Board Committees

Initially, the Investment Company will have the following Board committees:  an Audit Committee; an Asset-Liability and Investment Committee; a Compliance Committee; and an Executive Committee.

Audit Committee

The primary responsibilities of the Audit Committee will include:

·         monitoring Investment Company management and staff compliance with laws, regulations and Board policies;

·         selecting and appointing the Investment Company’s independent registered public accounting firm;

·         meeting annually, or more frequently, with the Investment Company’s independent registered public accounting firm to ensure the Investment Company’s financial reporting and accounting controls    are adequate;

·         supervising the audit function to verify that the Investment Company’s internal and external auditors are independent of Investment Company management and objective in their findings;

·         working with the Investment Company’s auditors to verify that the Investment Company has comprehensive audit coverage;

·         meeting, as needed, with Investment Company examiners and without management to review and discuss findings;

·         monitoring management performance in the correction of deficiencies noted in audit or regulatory examinations; and

·         evaluating procedures and controls of the Investment Company’s operations.
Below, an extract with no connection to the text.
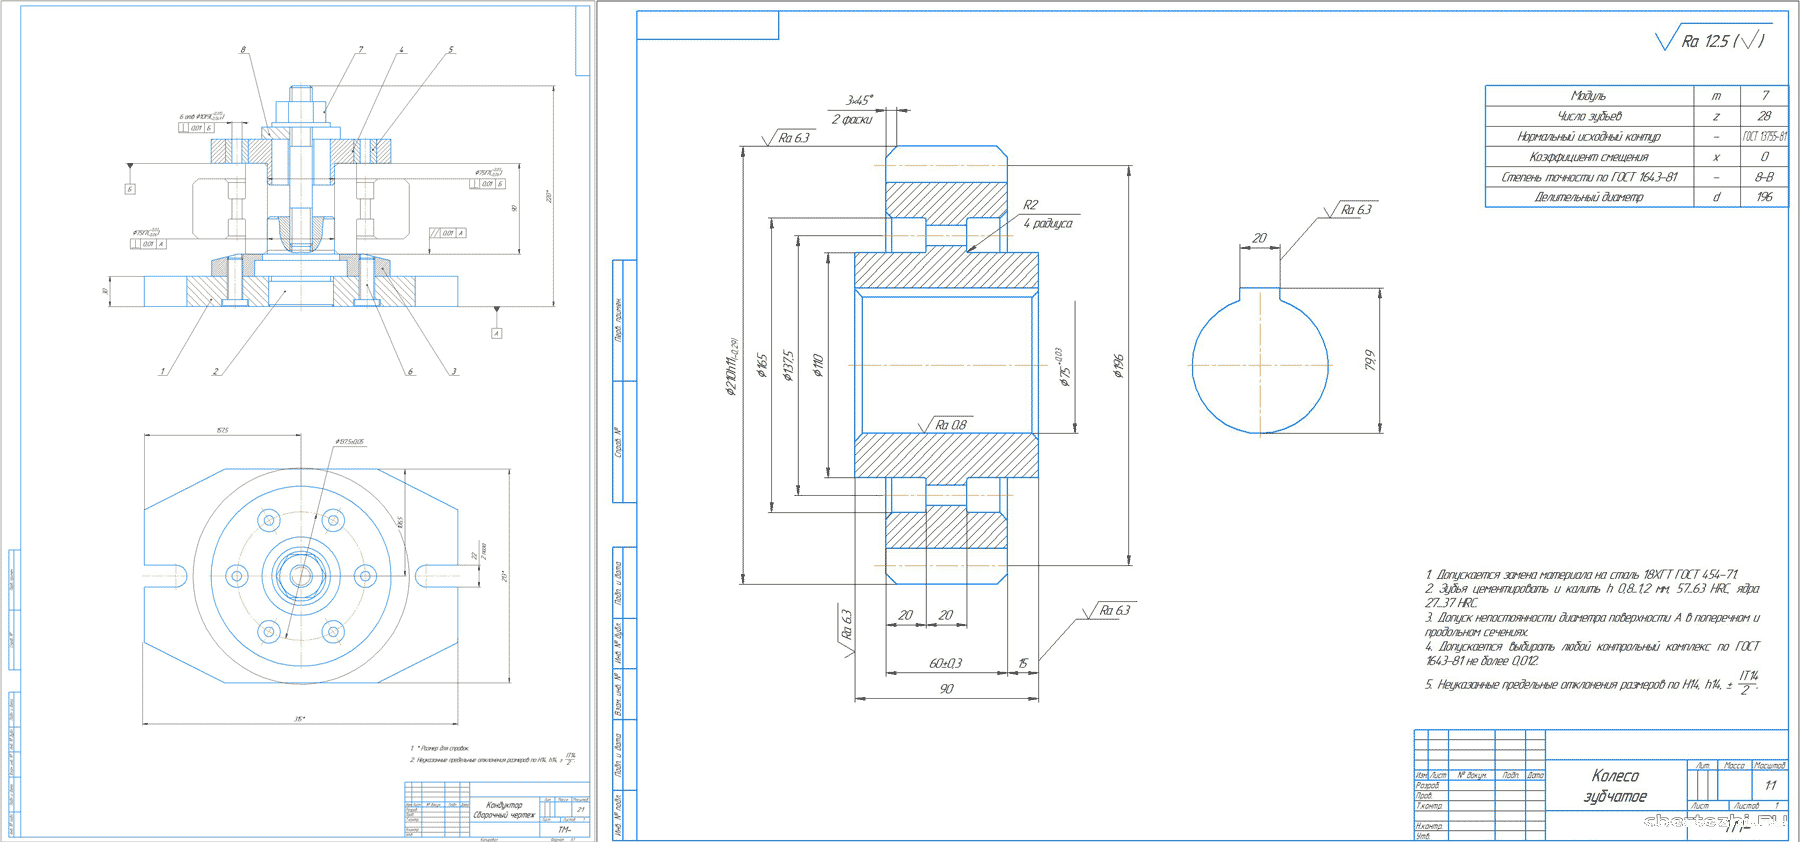 Курсовой проект (техникум) - Разработка станочного приспособления для детали 
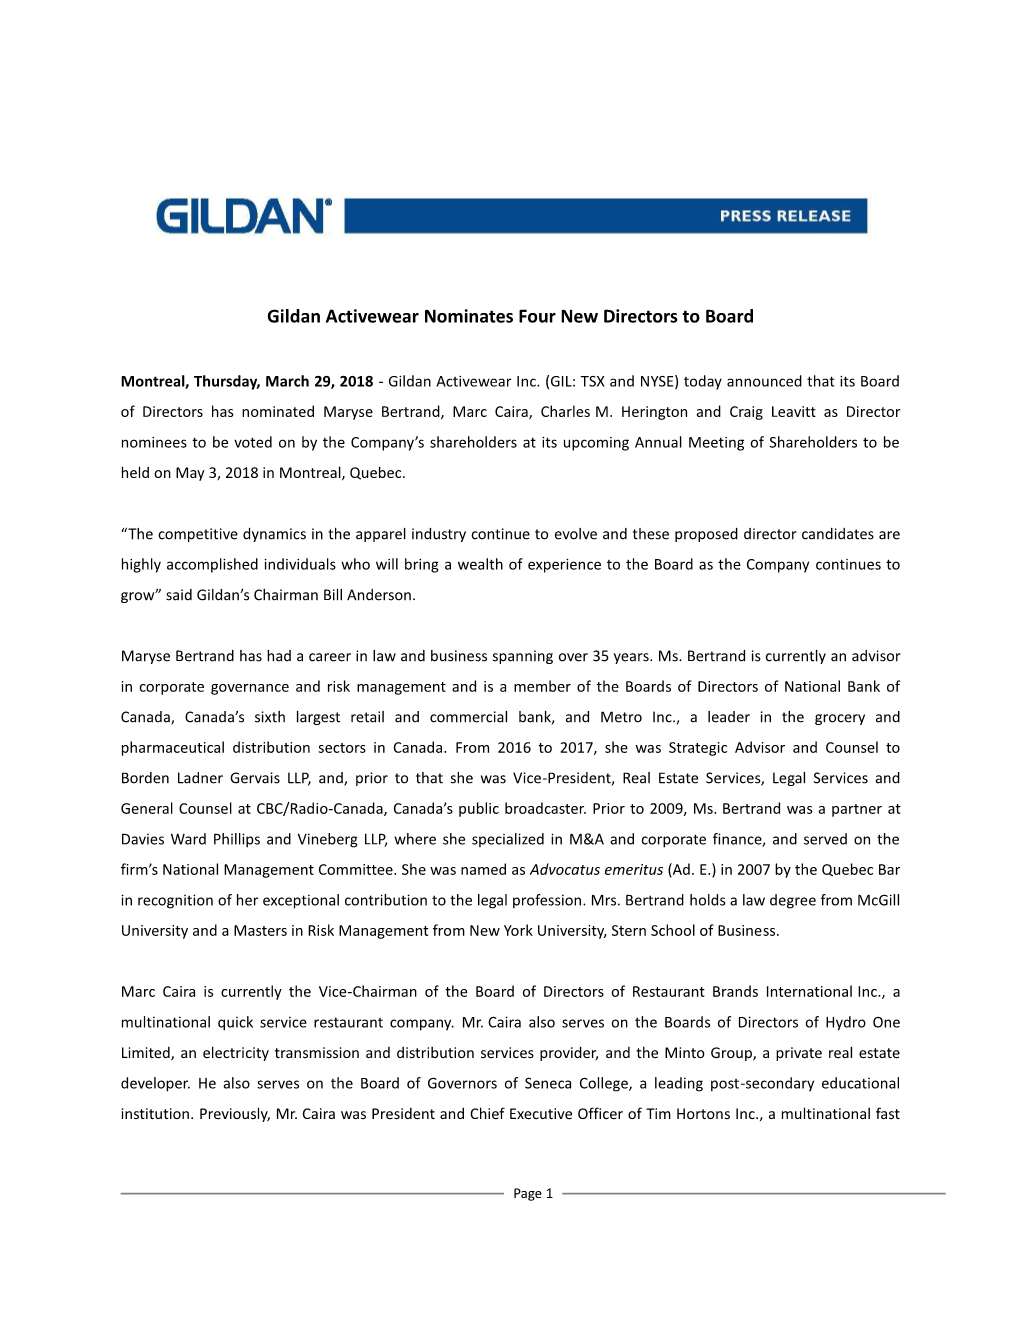 Gildan Activewear Nominates Four New Directors to Board

Asset-Liability and Investment Committee

The primary responsibilities of the Asset-Liability and Investment Committee will be to:

·         review and recommend changes to Asset-Liability and Investment Committee policies;

·         oversee actions relating to interest rate risk and liquidity risk;

·         approve management strategies regarding interest risk exposure, investment securities, derivatives transactions, deposit programs and lending activities; and

·         approve trading strategies and review trading positions in securities.



Compliance Committee

The primary responsibilities of the Compliance Committee will be to:

·         formulate a compliance plan;

·         monitor systems to ensure compliance;

·         establish a system of internal controls, independent testing and auditing to ensure compliance with the BSA;

·         establish procedures to ensure effective identification and monitoring of high risk accounts and areas; and

·         determine the frequency of employee and Board training.


Executive Committee

The primary responsibilities of the Executive Committee will be to:

·         ensure that the Board of Directors is functioning in accordance with the Investment Company’s articles of incorporation, bylaws and other legal requirements;

·         review the Investment Company’s policies and procedures;

·         review all committee reports and prepare the agenda for the Board of Directors meetings;

·         handle issues that require immediate response when a meeting of the full Board of Directors is not possible; and

·         make recommendations to the full Board of Directors on such issues as facilities, legal, insurance and corporate matters, director criteria, restructuring, nominations and other general issues that may arise between Board meetings.